Collected data START

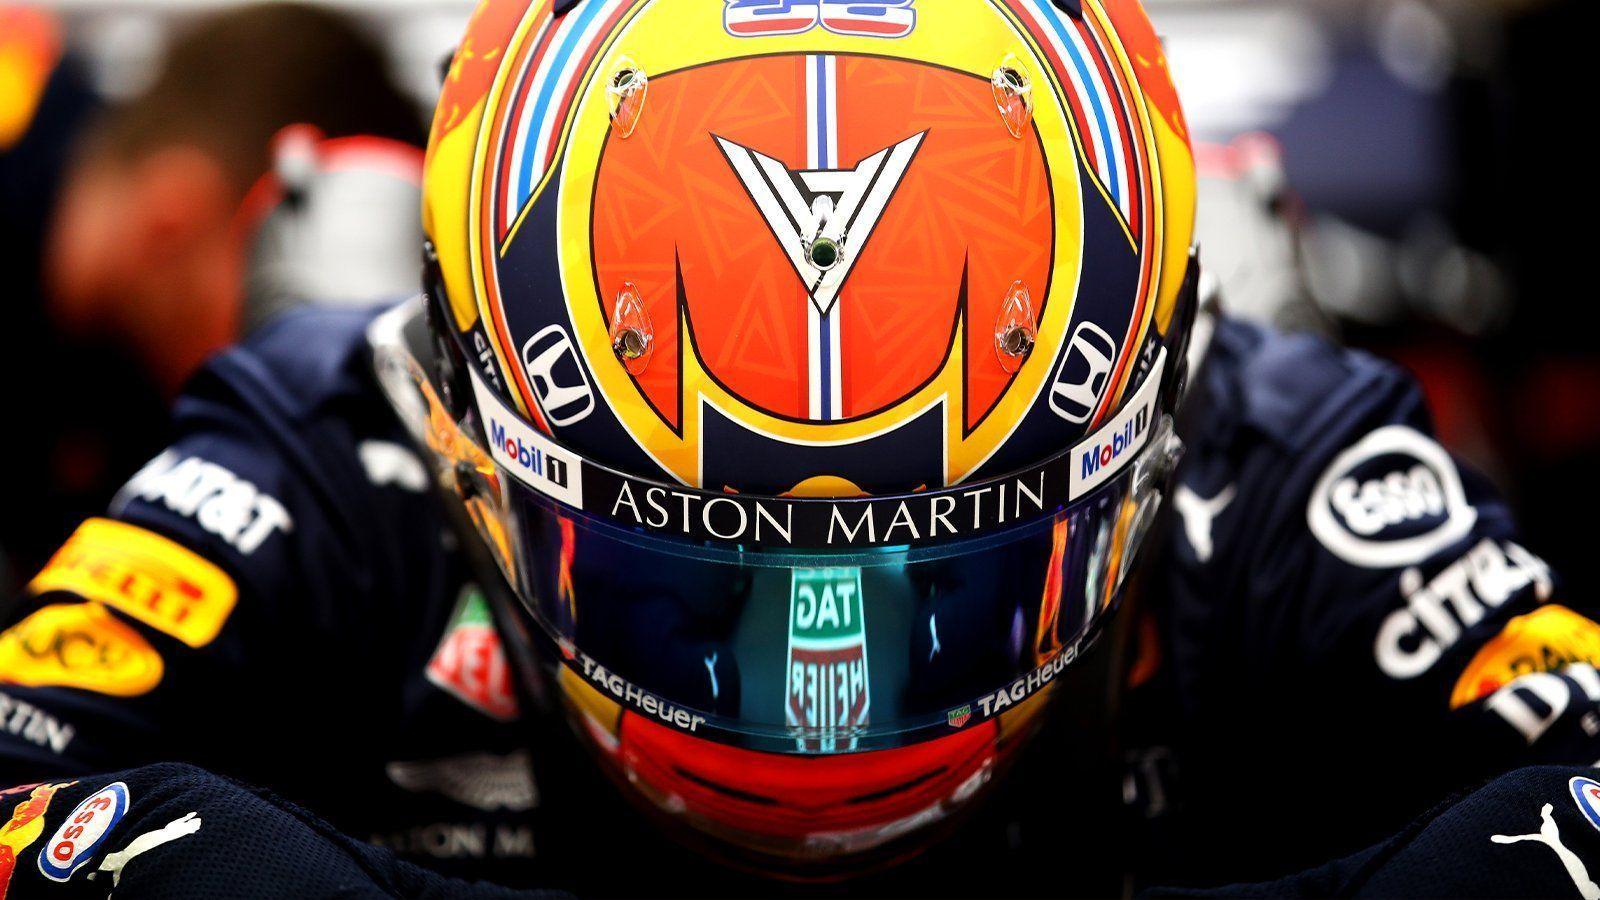 Alexander Albon, Red Bull Racing F1
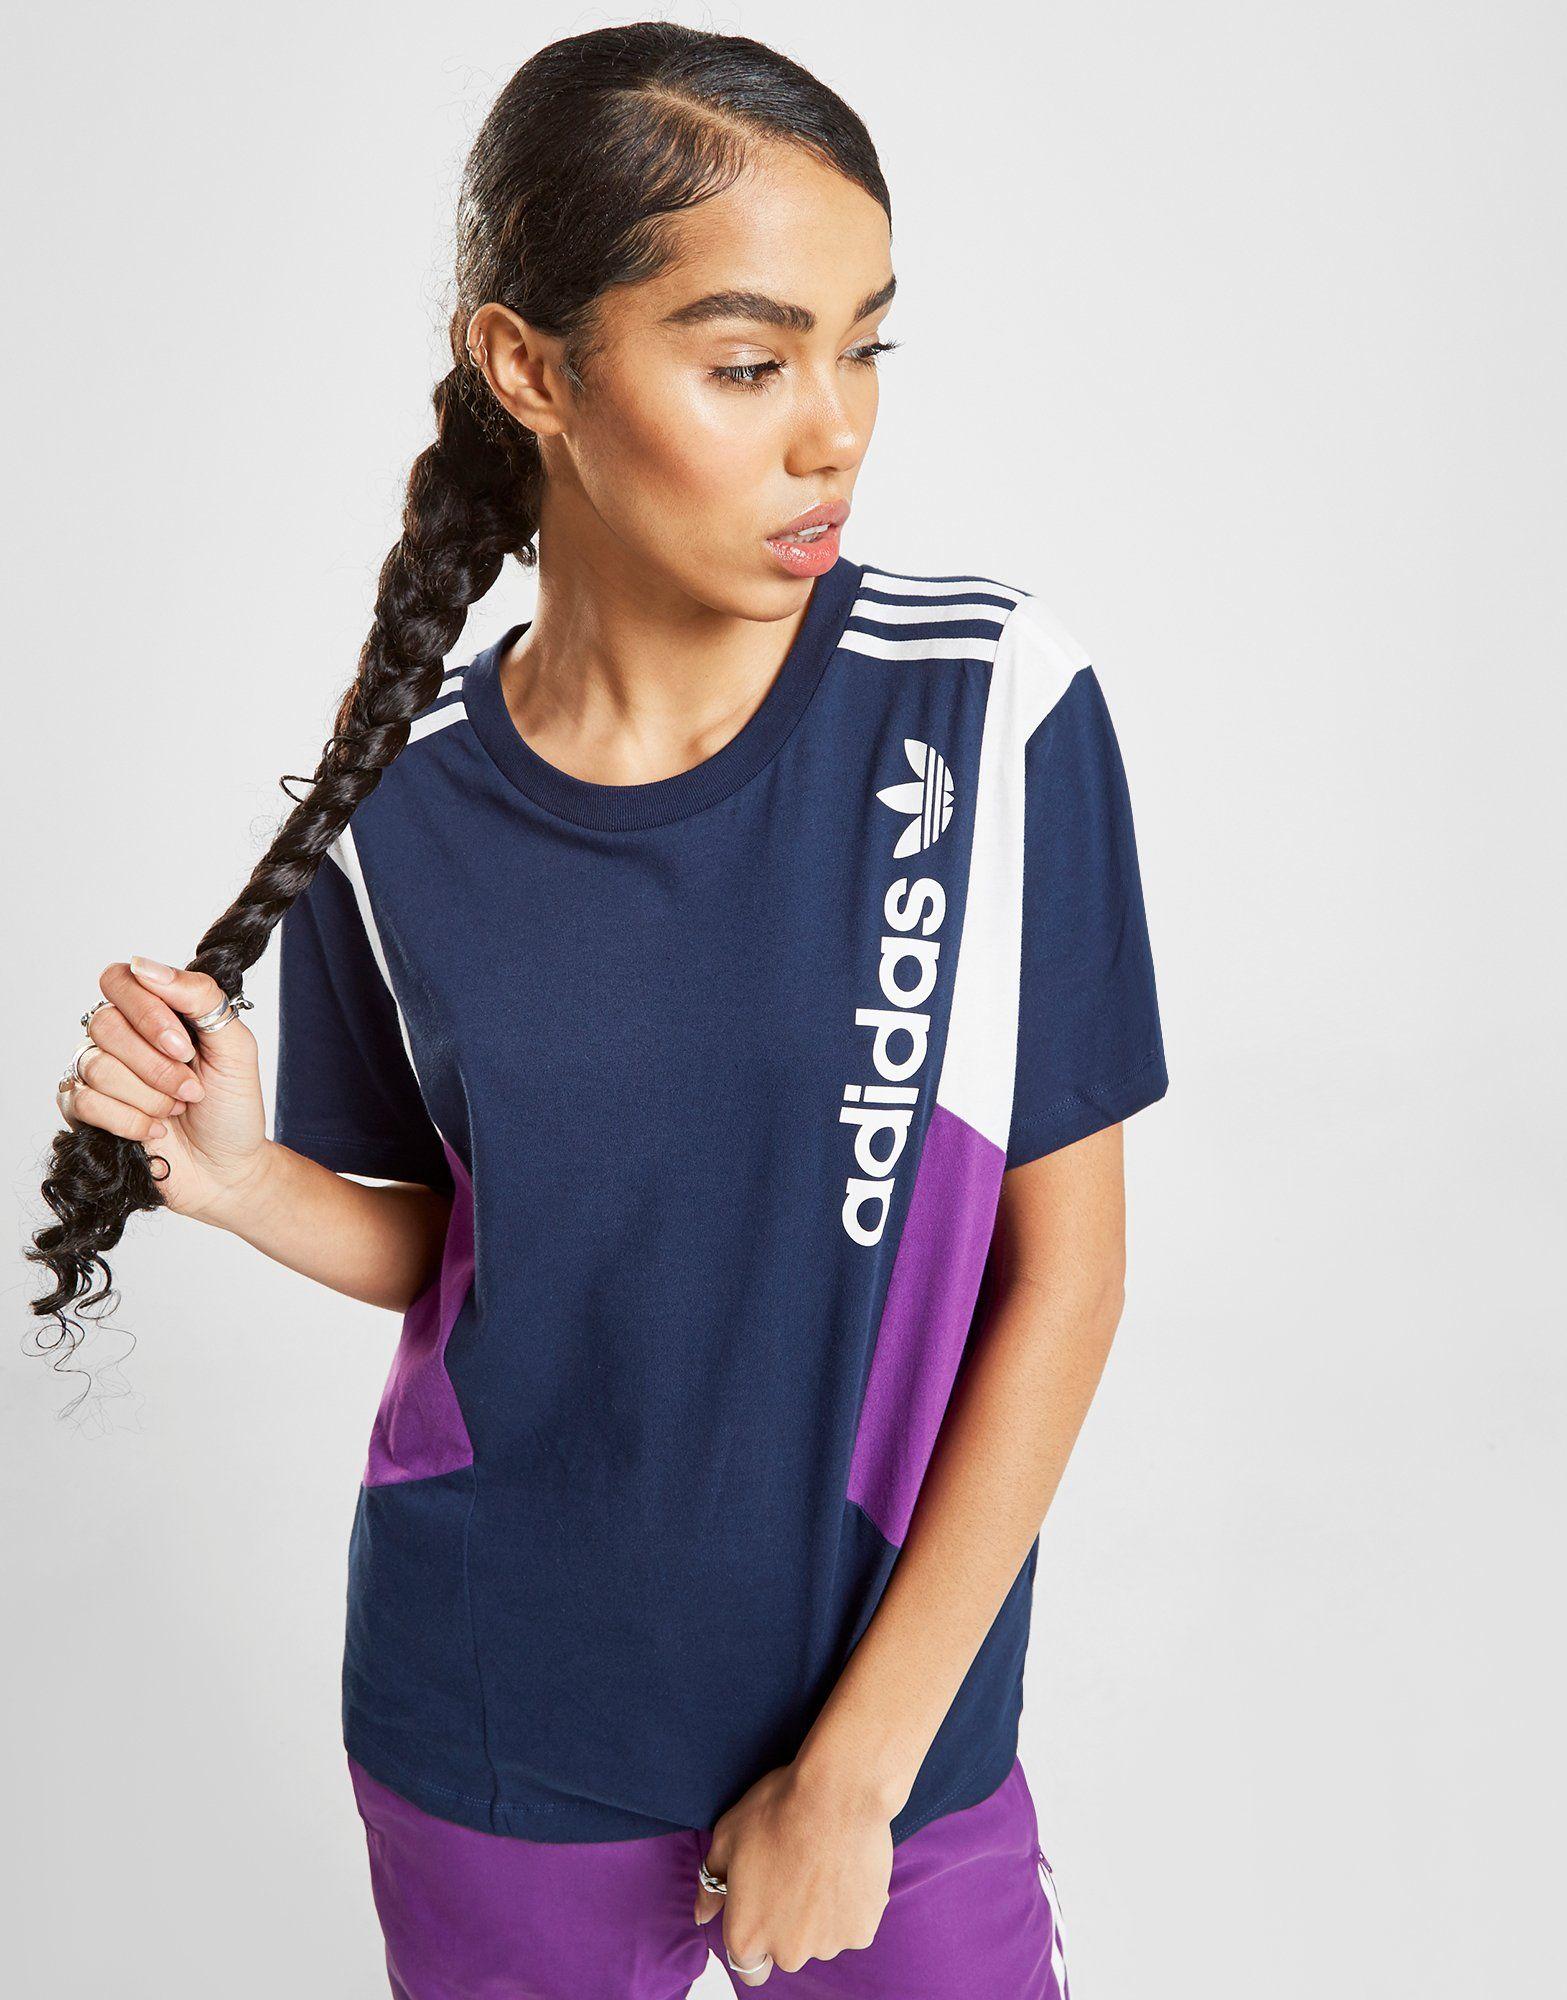 72b6665a9335 adidas Originals 90 s Colour Block Boyfriend T-Shirt
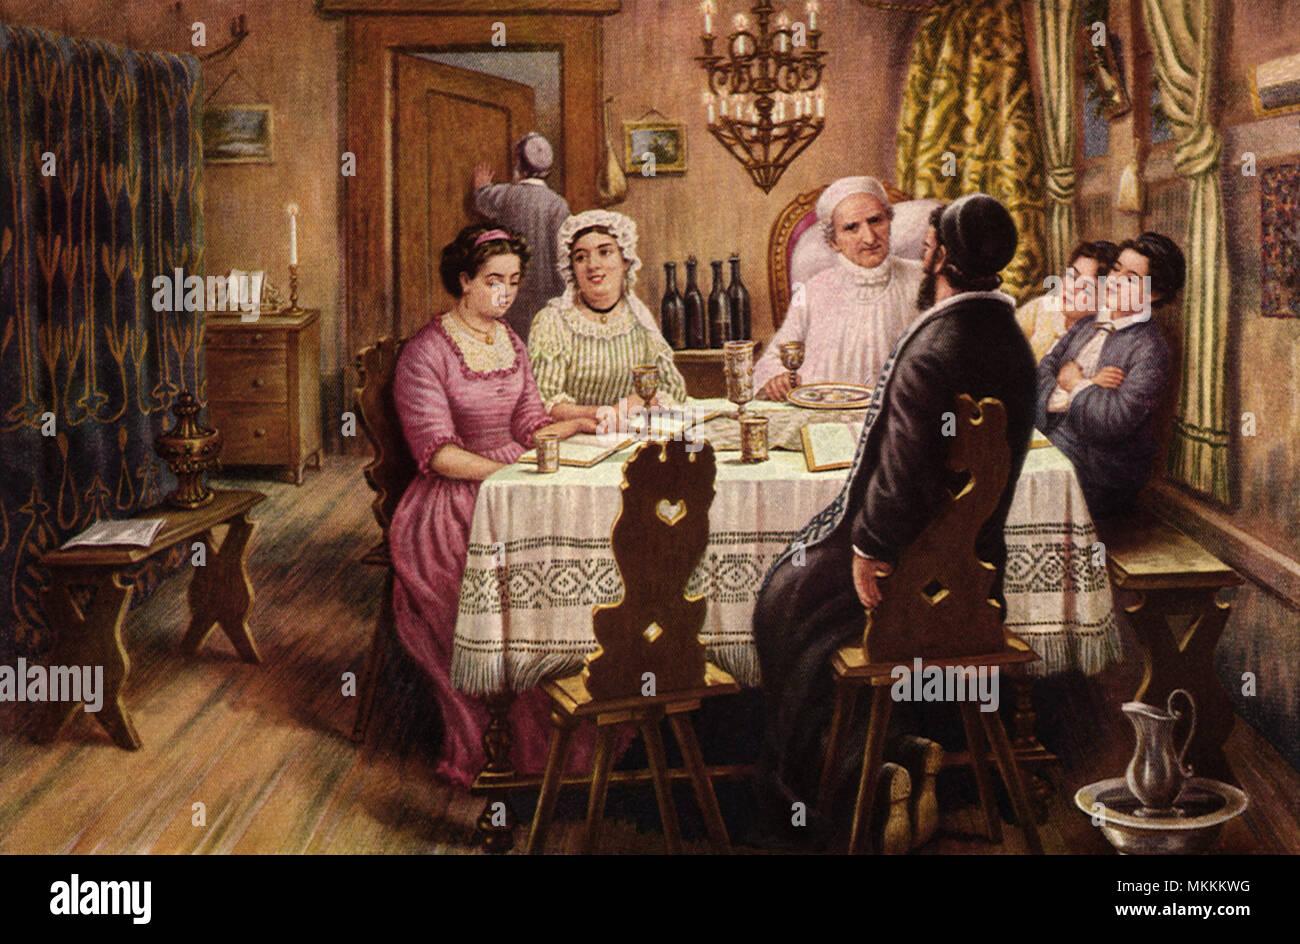 Celebrating the Seder - Stock Image

Collected data END

### Exercise brief
Only the lines from the one holding "72b6665a9335 adidas Originals" through the end of the data are to be printed, exactly as they stand and with no pictures.

### Exercise result
 72b6665a9335 adidas Originals 90 s Colour Block Boyfriend T-Shirt
 Celebrating the Seder - Stock Image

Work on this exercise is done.